Since Pangda was first identified, two more villages and an additional excavation site have been noted through satellite photographs taken in March this year, steadily following the river further into Bhutanese territory. In recent reporting by journalist Vishnu Som, a connecting road is also visible that runs 9km into Bhutan.

Given the geopolitical sensitivities of the area vis-a-vis India, speculation points to Chinese attempts to increase pressure on the Jampheri ridge overlooking the 2017 stand-off site, which according to journalist Tenzing Lamsang, is currently occupied by a small Royal Bhutanese Army detachment. As ever in the Himalayas, small tactical alterations have strategic implications. Chinese control of the Jampheri ridge would command views towards Sikkim, increase the scope of China’s surveillance operations near the border and place India’s Eastern Theatre Command at a terrain disadvantage were it to intervene as it did at Doka La.

 

2. Dramana and Shakhatoe

Aerial image showing a collection of structures nestled between snow-capped mountains in Dramana and Shakhatoe.

Aerial image showing one of several villages recently built by China in the Dramana and Shakhatoe region of Bhutan. The Chinese military is said to be patrolling this area aggressively. Image: Maxar (2022). 

Further north of Doklam, at Dramana and Shakhatoe, more villages have been identified, with recent photographs taken in November 2021 showing a collection of structures nestled between snow-capped mountains. Varying in size, the largest village identified by journalist Devjyot Ghoshal comprises more than 84 buildings with construction having been started in December 2020 and seemingly completed by December 2021.


Little is known about the nature of these villages or their occupants other than their size and location. However, the Chinese PLA has patrolled these areas aggressively, warning away Bhutanese herders and challenging counter patrols by the Royal Bhutanese Army.

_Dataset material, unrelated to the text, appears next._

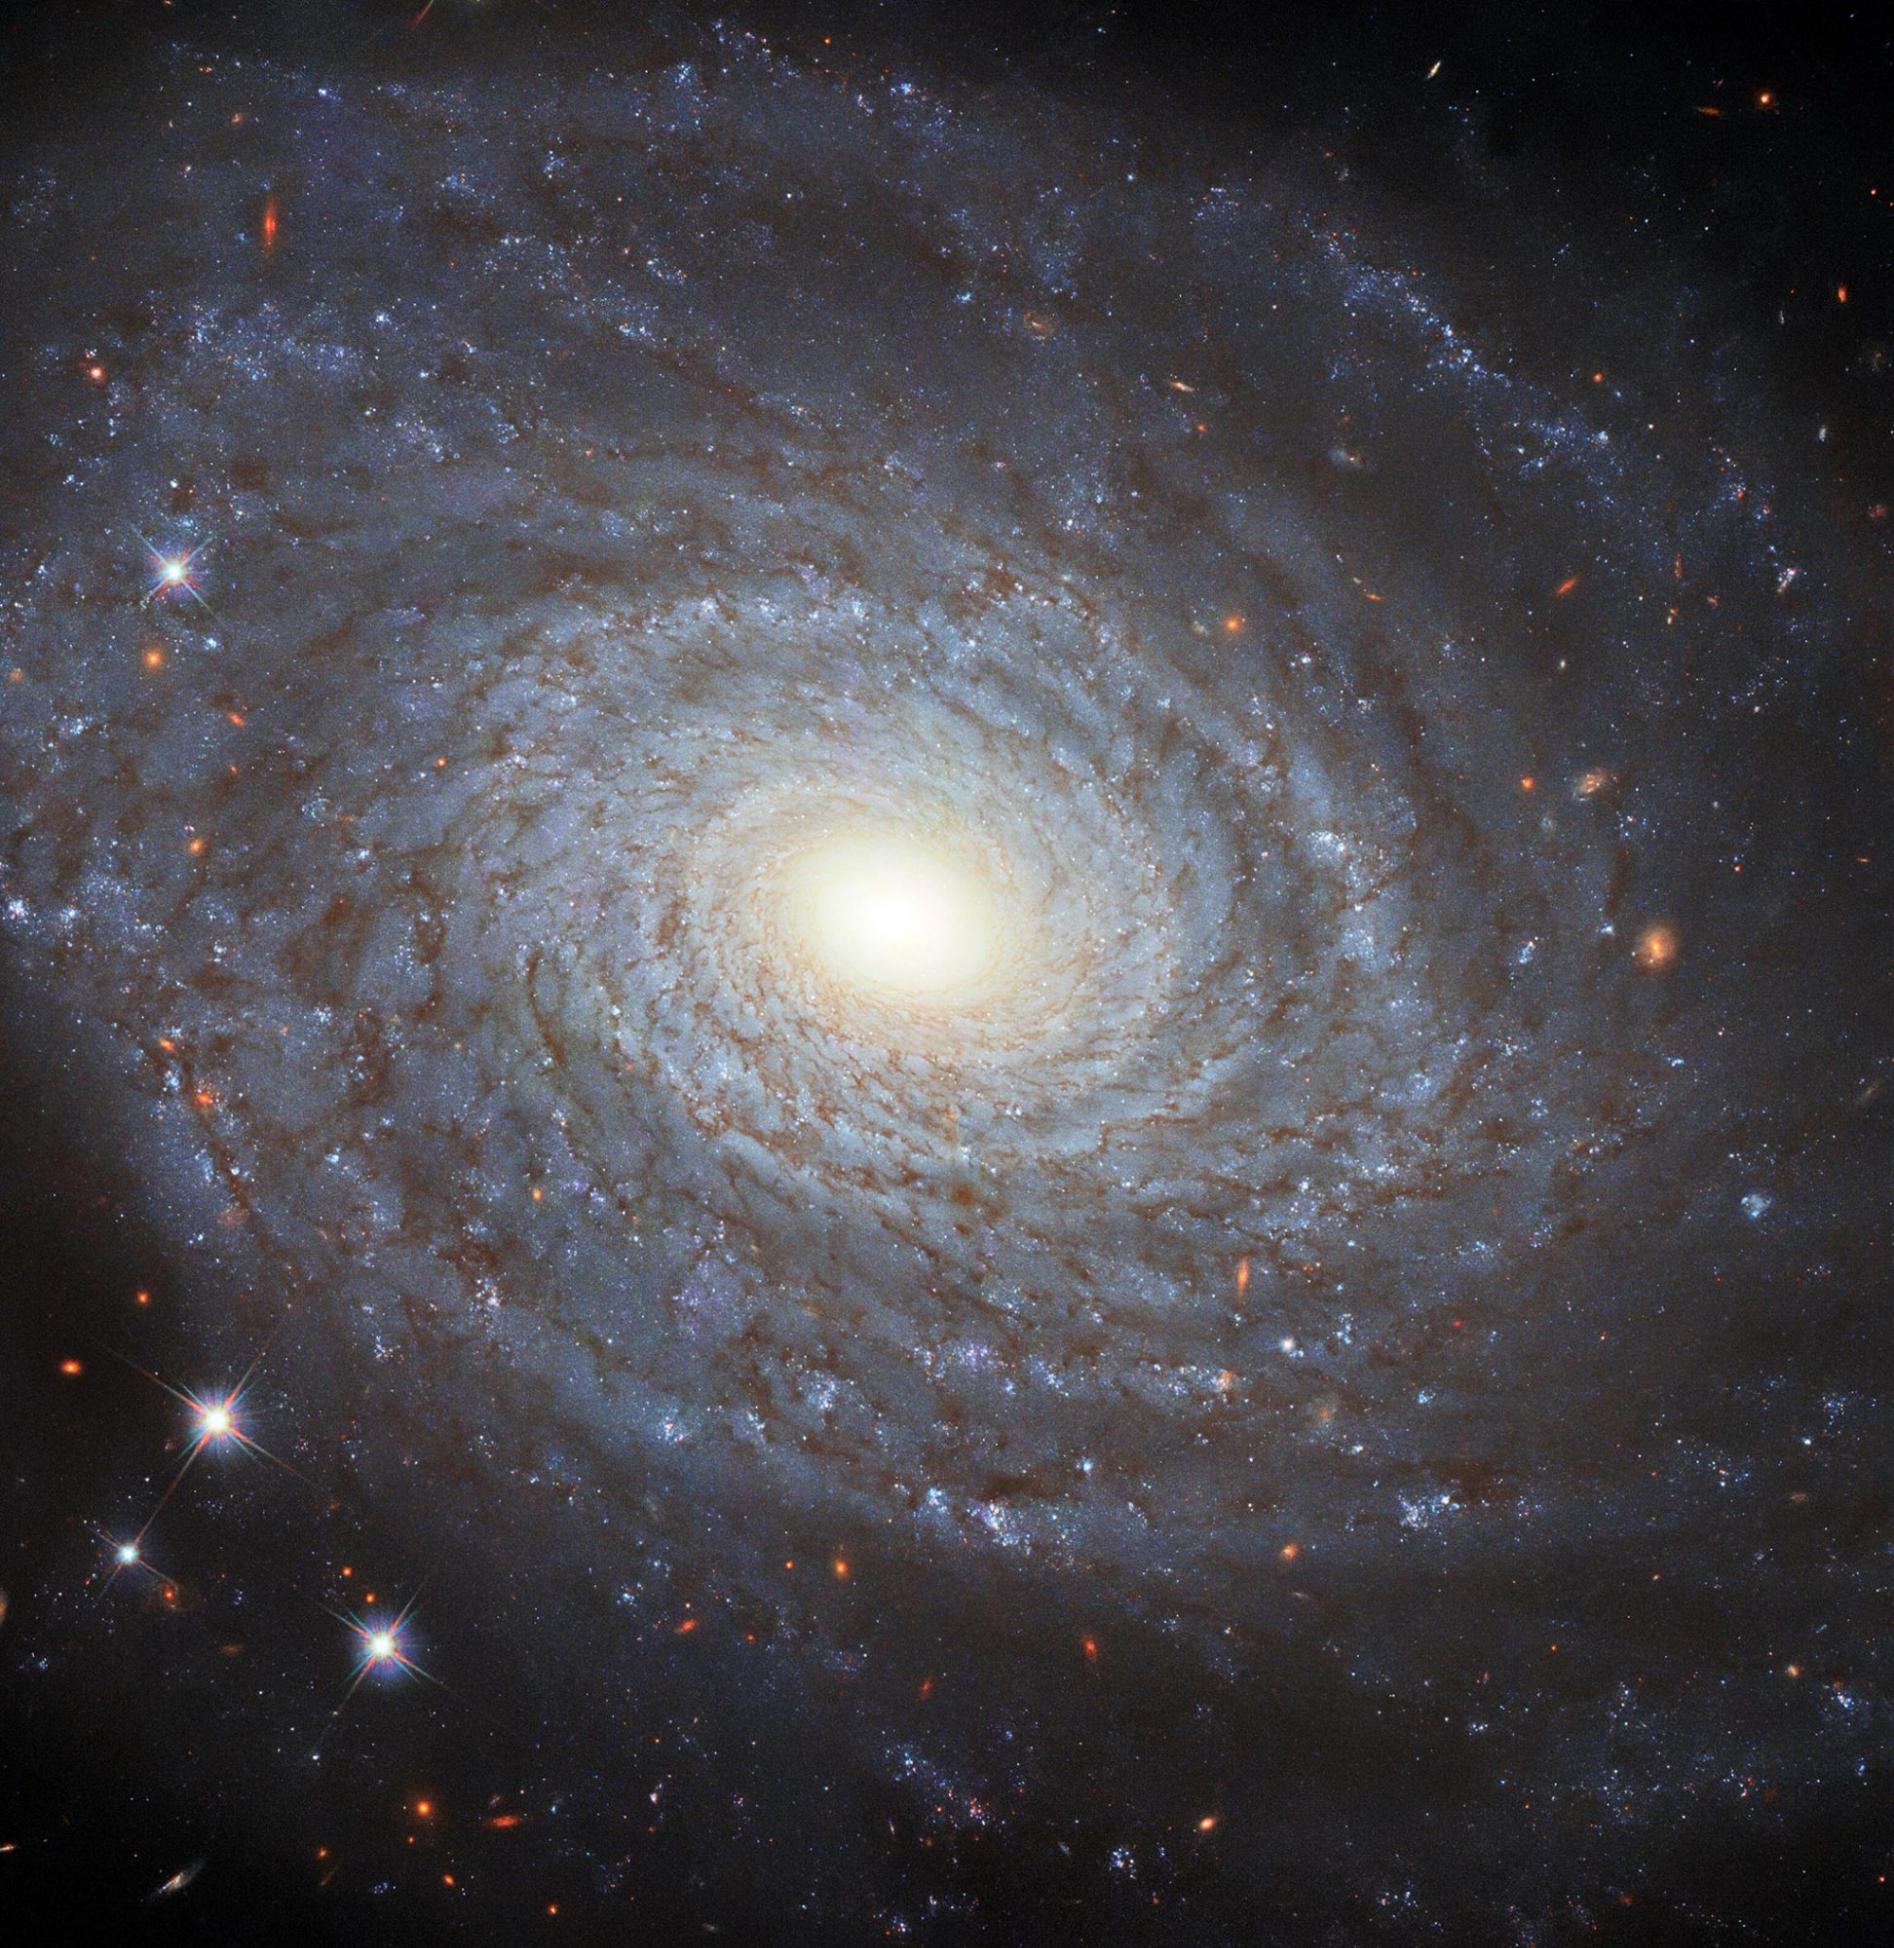 哈勃太空望远镜捕捉到NGC 691同名螺旋星系的详细画面

A permanent PLA presence in the area would be a significant change to the status quo. Informed speculation suggests that these may house either civilian contractors brought in from Tibet to oversee construction projects in the area, Tibetan or Chinese citizens brought across the border, or they could even be barracks for the PLA to help facilitate increased patrols in these contested areas.

3. Menchuma Valley

Aerial image of Chinese-built villages in Menchuma Valley.

Aerial image of one of several Chinese-built settlements in and around Menchuma Valley in Bhutan; the area is home to holy sites important to both Bhutanese and Tibetan culture. Image: PlanetLabs (2022). 

Amid the sustained activity in the west of Bhutan, we are seeing similar levels of activity mirrored in the northern contested areas in Jakarlung, Pasumlung and the Menchuma Valley, a well-known entry point into Tibet for Bhutanese pilgrims.

In May 2021, a team of researchers led by Robert Barnett from the London School of Oriental and African Studies discovered three additional villages in these contested areas, alongside a series of infrastructure projects, sitting between 3km and 5km south of the Chinese border in Bhutan. Barnett identified what appears to be police and military posts near these villages, as well as a communications tower.


While the building efforts at Doklam are seen as having a geopolitical intent towards India, these villages and their locations are seemingly aimed to maximize China’s leverage over Bhutan. They are considered sacred in Tibetan Buddhist teachings as the birthplace of ancient Himalayan cultural heroes, with strong links to the Bhutanese royal family. Today they are the home to holy sites and temples, such as the Singye Dzong.

For China to intrude on this area, and in some cases even deny entry to parts of it, is suppression of Bhutanese history, culture and traditions. By design or by default, Beijing is managing Tibetan religion and culture beyond the borders of the Tibetan Administrative Region.